Reputation: 100
I have got data with observations in rows. There are an outcome variable y (dbl) as well as multiple factors, herein called f_1 and f_2. The latter denote conditions of an experiment. The data situation is mirrored by the following minimal example:
set.seed(123)
y = rnorm(10)
f_1 = factor(rep(c("A", "B"), 5))
f_2 = factor(rep(c("C", "D"), each = 5))
dat <- data.frame(y, f_1, f_2)
I would like to compute mean values of y for groups defined by f_1 and f_2. Importantly, I do not want a mean value for each combination of f_1 and f_2, but mean values based on f_1 on the one hand and mean values values based on f_2 on the other hand. These should be saved as factors in dat, where each observation has a mean_f_1 (mean value when data is grouped according to f_1) and mean_f_2 (mean value when data is grouped according to f_2). The labels of the new factors mean_f_1 and mean_f_2 should correspond to the values = labels of f_1 and f_2. The labels have a meaning. Thus, a mean calculated for group "A" (from f_1) should keep the label "A" (in mean_f_1). The number of condition variables f_... in the original data is higher than 2. Thus, I would like to not repeat code for each factor (see I).
I have come up with two approaches. The first (I; group_by approach) gives the desired result. But repeats code for each factor.
I) group_by approach
library(dplyr)
dat %>%
group_by(f_1) %>%
mutate(mean_f_1 = factor(mean(y), label = unique(f_1))) %>%
group_by(f_2) %>%
mutate(mean_f_2 = factor(mean(y), label = unique(f_2)))
In other words, repeating the 'group_by - mutate' statements for each factor seems avoidable. I did not manage to use across() here.

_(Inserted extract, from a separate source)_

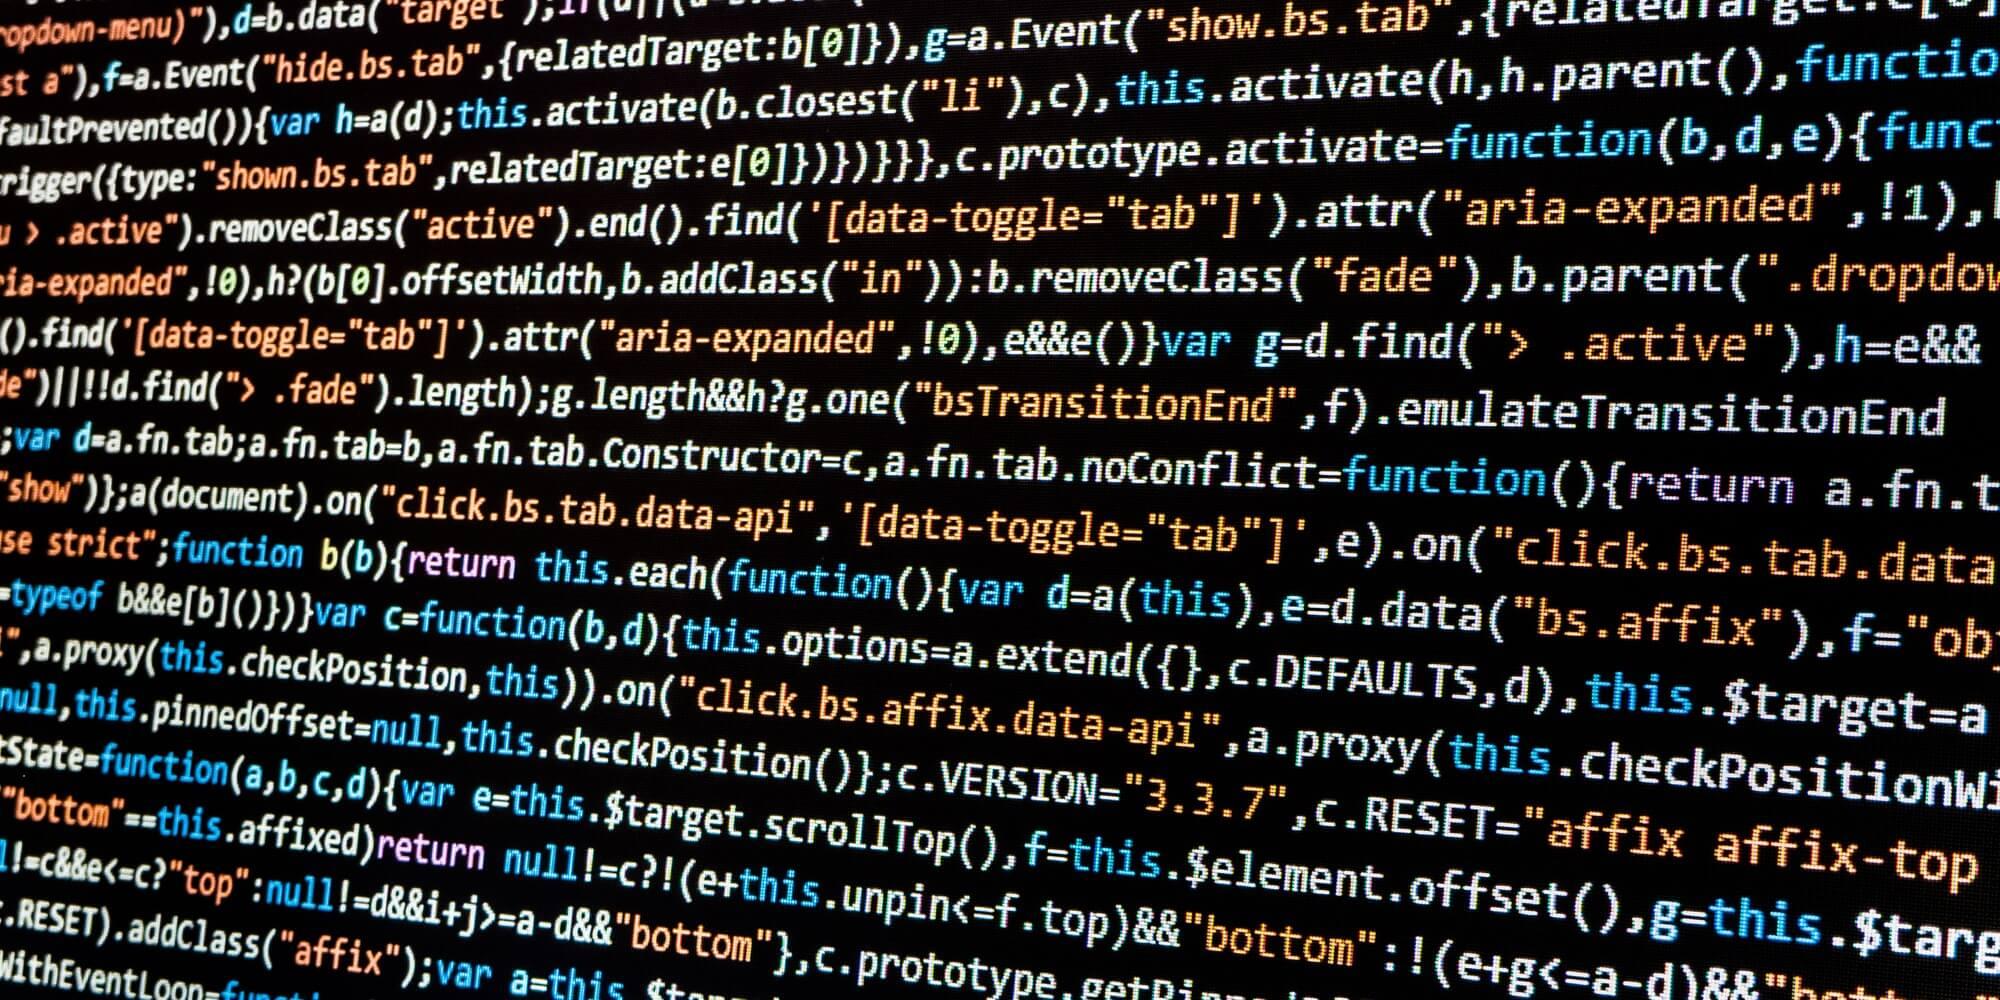 Computing code
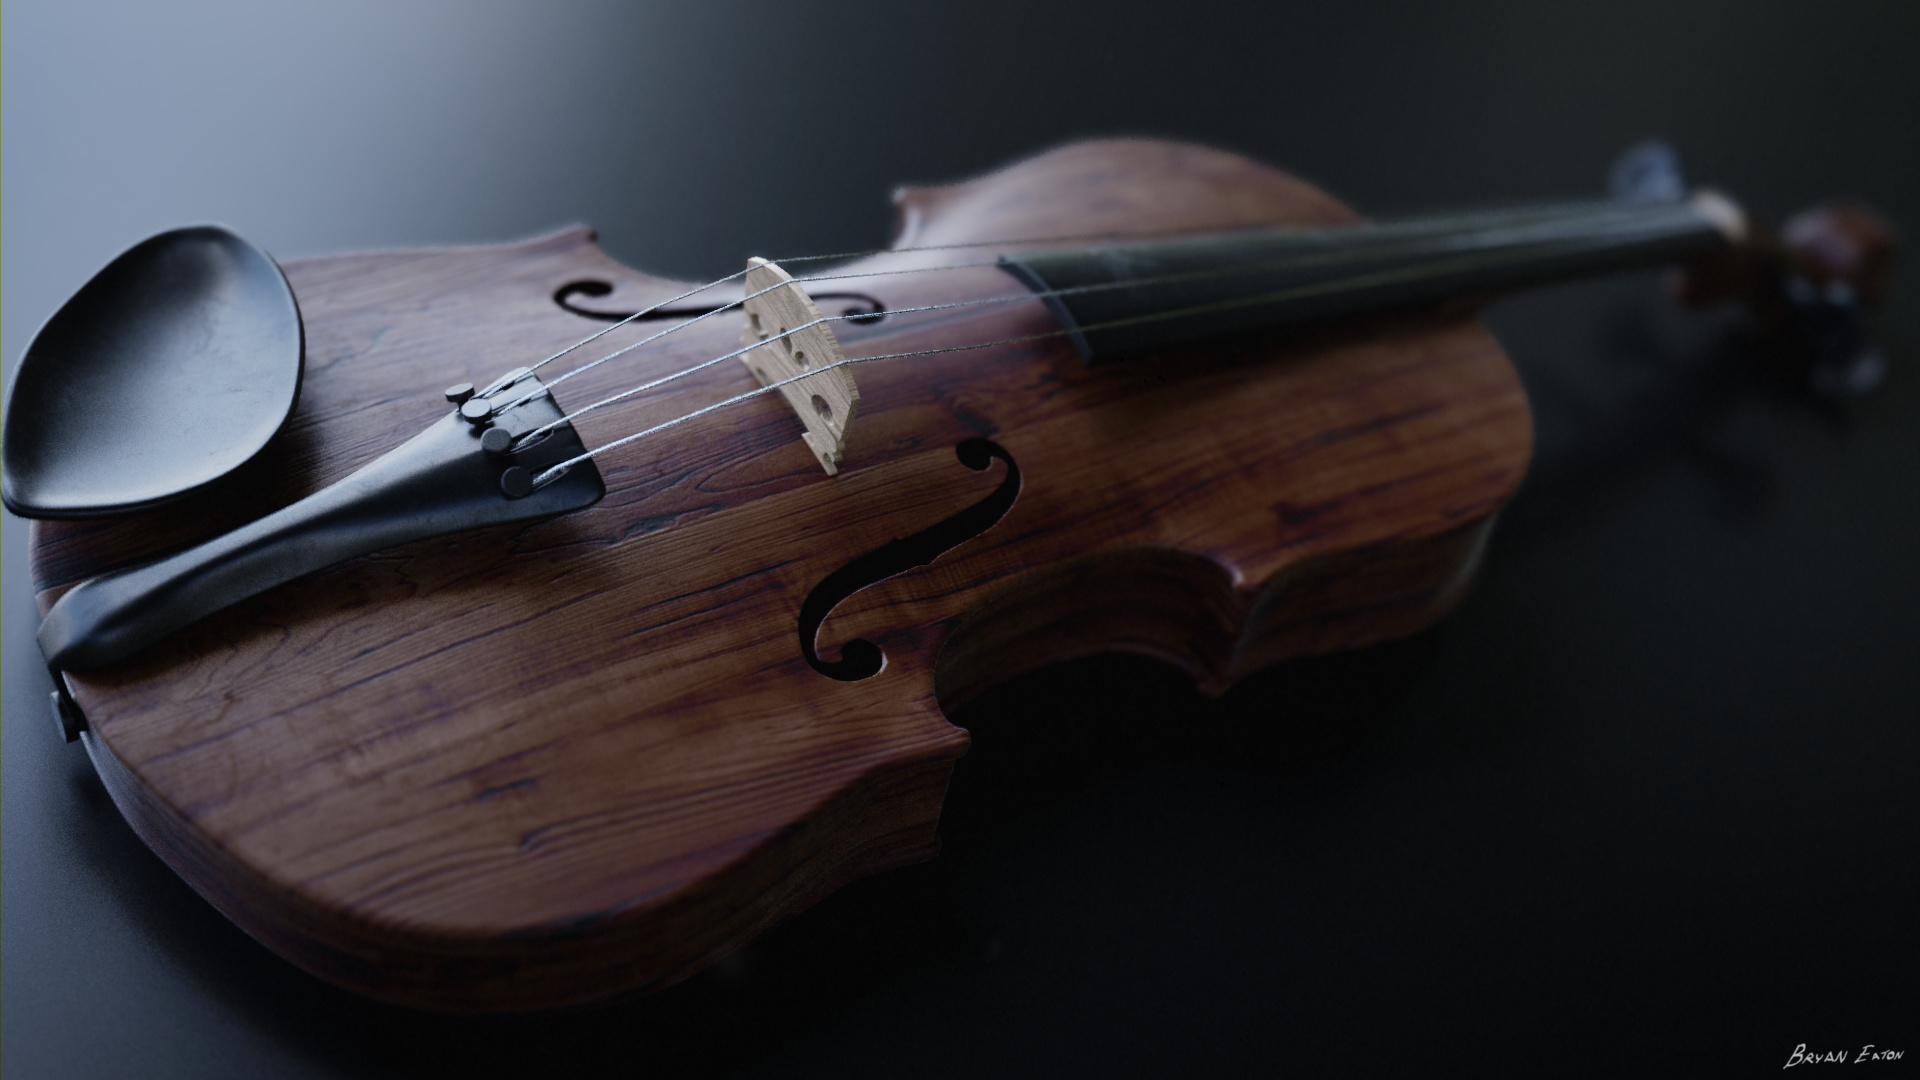 Violin - Finished Projects - Blender Artists Community

The other approach (II; ave approach) avoids code repetition, but wont assign factor labels. Assigning factor labels using unique() messed up the order of labels in the original data.
II) ave approach
dat %>% mutate(across(starts_with("f"),
~ ave(y, .x, FUN = mean),
.names = "mean_{.col}"))
Do you have an idea how to ...
A dplyr solution is preferred.
Upvotes: 2
Views: 80
Reputation: 6941
To avoid repeating code for each factor, I suggest iterating over factors. Something like:
library(dplyr)
factors = c("f_1", "f_2")
for(ff in factors){
new_col = paste0("mean_",ff)
dat <- dat %>%
group_by(!!sym(ff)) %>%
mutate(!!sym(new_col) := factor(mean(y), label = unique(!!sym(ff))))
}
This produces identical output to your group_by
approach. To scale up to more columns, add these to the factors
array and the code will iterate overthem.
The !!sym(.)
is used to turn a character string into a column name. There are several other ways to do this, see the programming with dplyr vignette for other options. The unusual assignment operator :=
has the same behavior as =
except it can accept some prep on the left-hand-side.
Upvotes: 1